Earlier this month of course V6 of Midjourney launched, and I’ve returned to playing around with it. One of the things that previous versions of Midjourney had struggled with was sailing ships - they wouldn’t know how everything fit together, and what you ended up with was a a mess of rigging, sails and masts, and this was one of the first I got out of the gate:
With many previous versions of Midjourney, careful prompt crafting was required to bring ideas to life, carefully including styles, features, and other traits in order to get the best product, and many iterations. One of the striking things about V6 is how unnecessary this is, very simple prompts (like the one above) produce excellent results reliably off the bat, and further specification in the prompt simply refines the composition of the image, rather than the quality.

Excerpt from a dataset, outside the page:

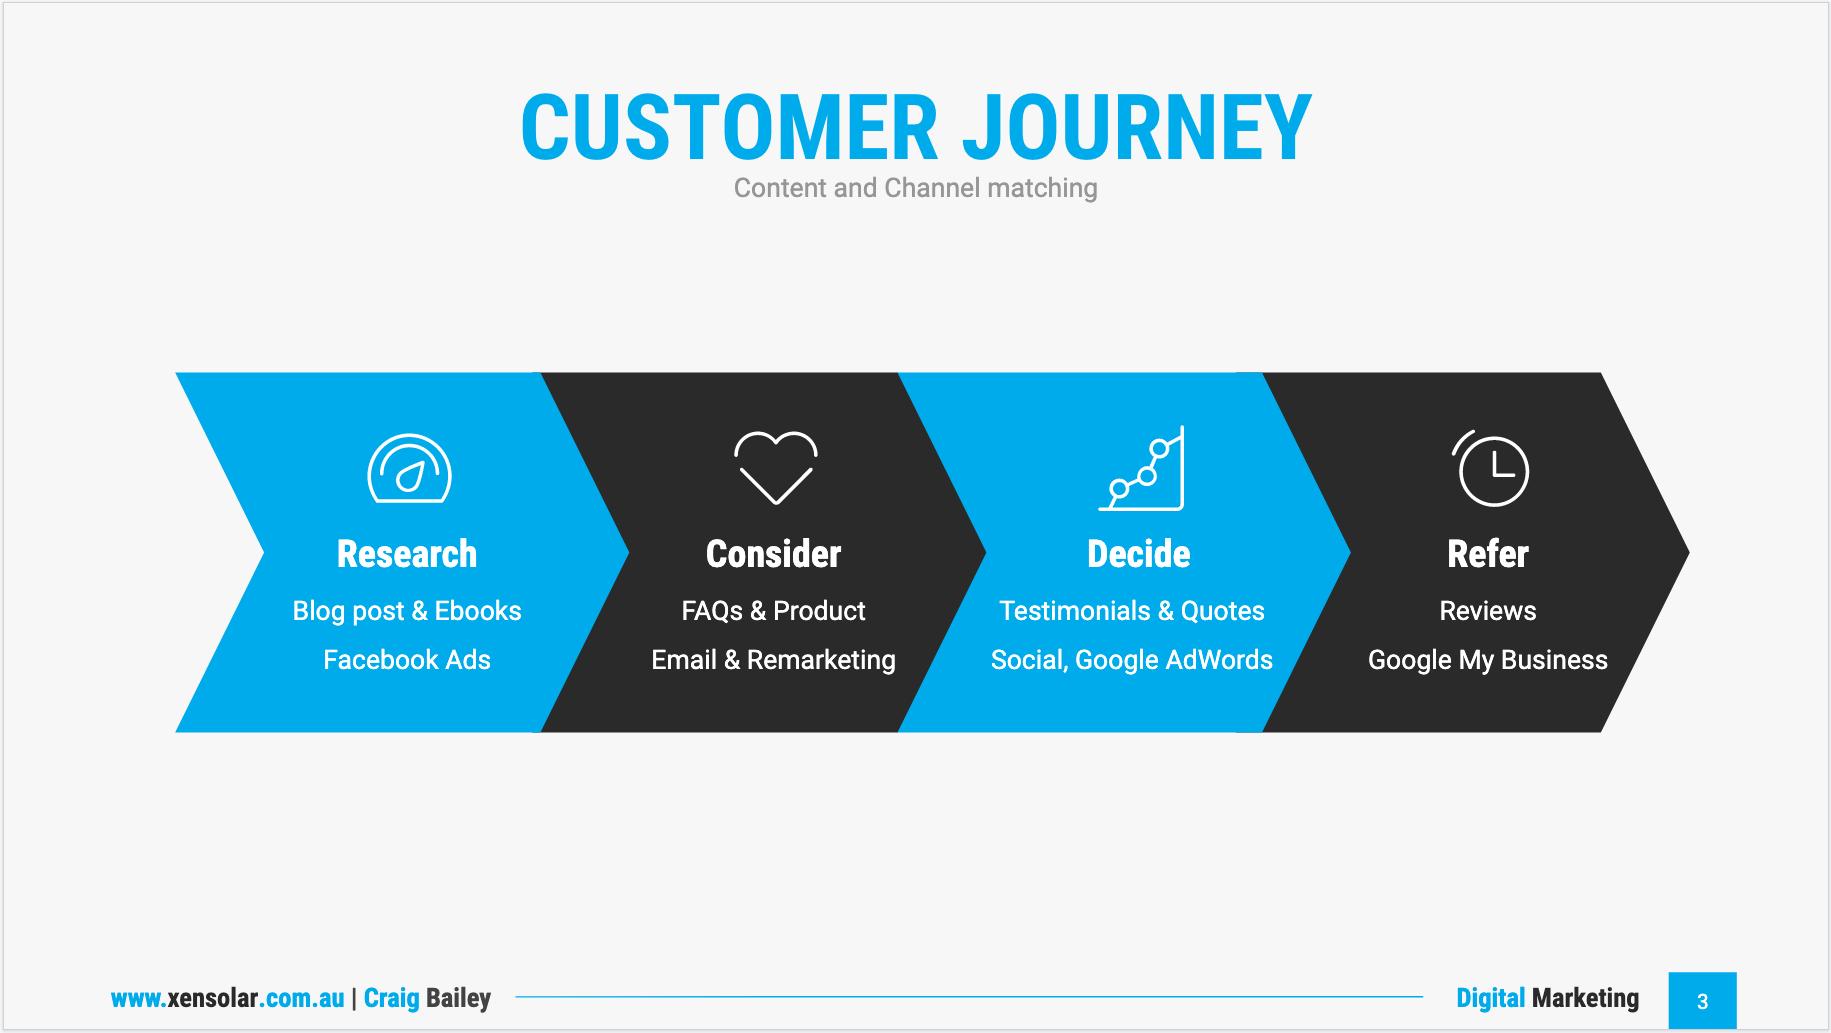 Customer Journey content assets

https://twitter.com/HowardFMaclean/status/1739202464505807350
So when I decided to put my favourite poem on a poster featuring a tall ship in a storm, it only took a relatively small number of prompt tweaks (to lower the lighting and zoom out a little bit), to get a good background, a lot less work than the Ozymandias poster 8 months before.

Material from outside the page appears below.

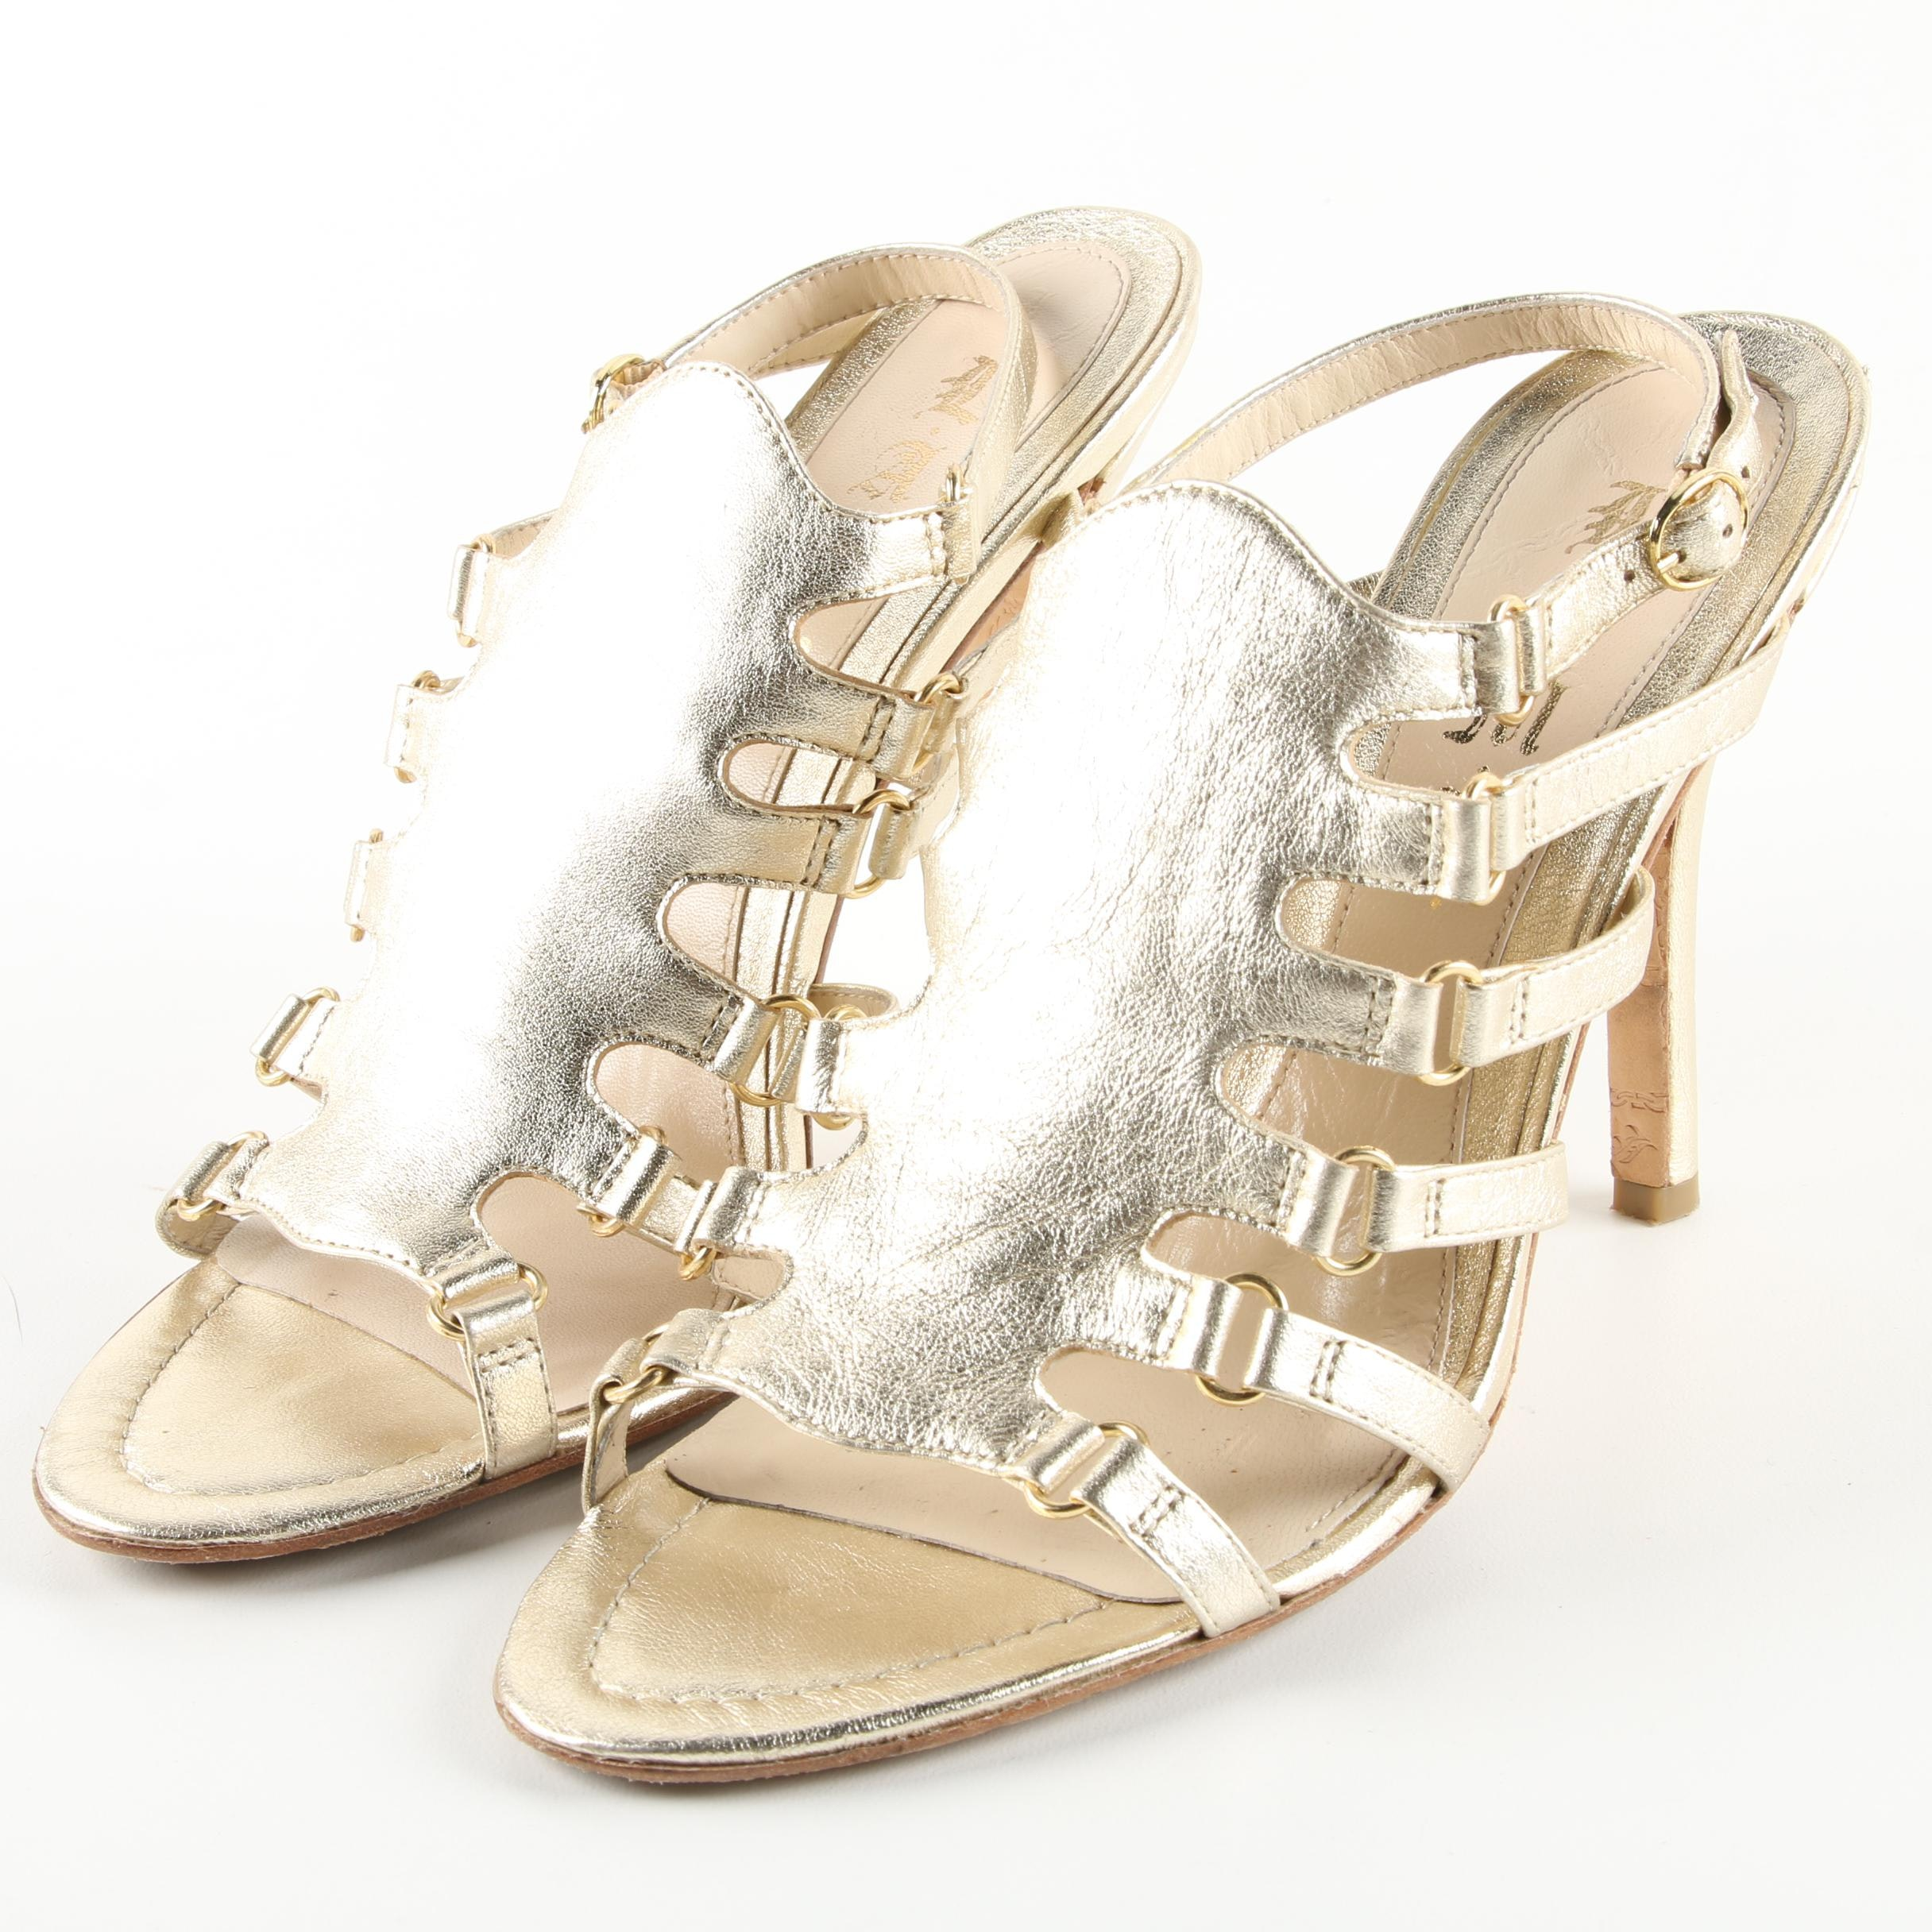 Women's L.A.M.B. Goldy Metallic Platinum Leather High-Heeled Sandals

A lot of our conversations about AI are dominated by the questions posed by the prospect of general artificial intelligence, and the philosophical, regulatory, economic and other big questions posed by the emergence of this kind of capability. Over the course of 2023, further advances in the capabilities of text based models (like GPT-4, PaLM) quickly became the topic of if we should rather than if we could.
And similarly, the focus on the developer of these high end text based models (OpenAI, Google, Anthropic) quickly turned to how to curate the output of their models via reinforcement learning and other fine tuning, especially after the escapades of the early version of GPT-4, known as Sydney. It’s a common line of thinking that efforts to sanitise output come with inherent trade offs with raw capability, which has led to frequent complaints that these models have been ‘lobotomised’ following release. The recent civil war at OpenAI was sparked in part by a tech demonstration, so these issues are unlikely to go away.
But graphic AIs, that output in images have fewer of these kind of issues, and the pace of advancement is fast and getting better all the time, without the same kind of issues that plague text based models (although they have their own - people for instance are by default white and very physically attractive). It’s been a series of clear, unqualified advances in technology over the past two years. Interesting things have also been happening at DALL-E 3, Microsoft Designer, and Adobe Firefly as well, I’m just not as familiar with those.
Right now, it’s a tool that you can just use to bring ideas and images to life. Which I recommend that you do. What images do you have bouncing around your head but don’t have the artistic skill to put to screen? Now you can get them out.
Happy creating, a merry christmas and a bracing new year.